For the paraboloid, we have:
dz/dx = 2x
dz/dy = 2y
For the ellipsoid, we have:
14x + 6z dx/dt = 0
4y dy/dt + 12z dz/dt = 0
Now, let's plug in the given point (-1, 1, 2) and solve the system of equations:
2(-1) dx/dt = 0
4(1) dy/dt + 12(2) dz/dt = 0
Simplifying, we find:
dx/dt = 0
dy/dt + 6 dz/dt = 0
Now, we can express x, y, and z in terms of t using the given equations:
x = -1
y = t
z = 2 - 3t
Finally, we have our parametric equations for the tangent line:
x = -1
y = t
z = 2 - 3t
So, ladies and gentlemen, the show is complete! The parametric equations for the tangent line to the curve of intersection of the paraboloid and the ellipsoid at the point (-1, 1, 2) are x = -1, y = t, and z = 2 - 3t. Enjoy the circus!
To find the parametric equations for the tangent line to the curve of intersection of the paraboloid and the ellipsoid at the given point, we need to find a vector that is tangent to both surfaces at that point.
Step 1: Find the gradient vectors of both surfaces at the given point.
The gradient vector of the paraboloid z = x^2 + y^2 is given by:
∇f = [∂f/∂x, ∂f/∂y, ∂f/∂z] = [2x, 2y, -1]
The gradient vector of the ellipsoid 7x^2 + 2y^2 + 6z^2 = 33 is given by:
∇g = [∂g/∂x, ∂g/∂y, ∂g/∂z] = [14x, 4y, 12z]
Step 2: Substitute the coordinates of the given point into the gradient vectors to find the tangent vectors.
For the paraboloid, substituting (-1, 1, 2) into the gradient vector gives:
∇f(-1, 1, 2) = [-2, 2, -1]
For the ellipsoid, substituting (-1, 1, 2) into the gradient vector gives:
∇g(-1, 1, 2) = [-14, 4, 24]
Step 3: Take the cross product of the tangent vectors to find a vector that is tangent to both surfaces at the given point.

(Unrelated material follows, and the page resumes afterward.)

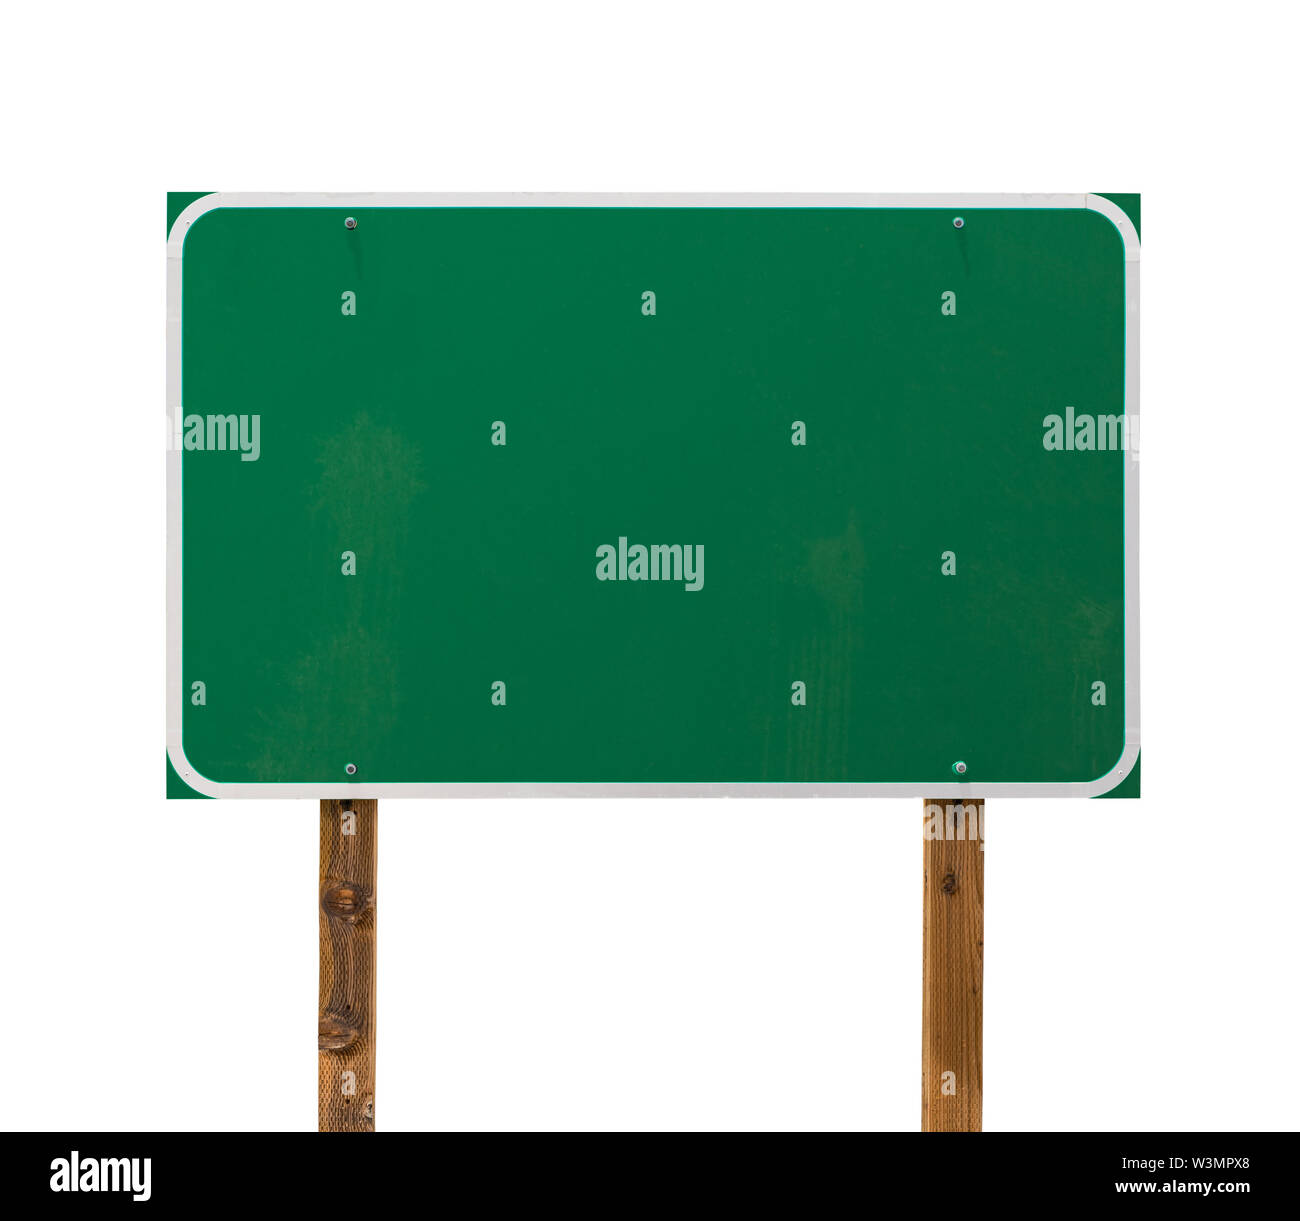 Blank Green Road Sign with Wooden Posts Isolated on a White Background. Stock Photo

Taking the cross product of [-2, 2, -1] and [-14, 4, 24], we get:
Tangent vector = [-52, -26, -28]
Step 4: Write the parametric equations for the tangent line.
Since the vector [-52, -26, -28] is tangent to both surfaces at the given point, we can write the parametric equations for the tangent line as:
x = -1 - 52t
y = 1 - 26t
z = 2 - 28t
Therefore, the parametric equations for the tangent line are:
x = -1 - 52t,
y = 1 - 26t,
z = 2 - 28t.
To find the parametric equations for the tangent line to the curve of intersection of the paraboloid and the ellipsoid at the given point, we need to find the direction vector of the tangent line at that point.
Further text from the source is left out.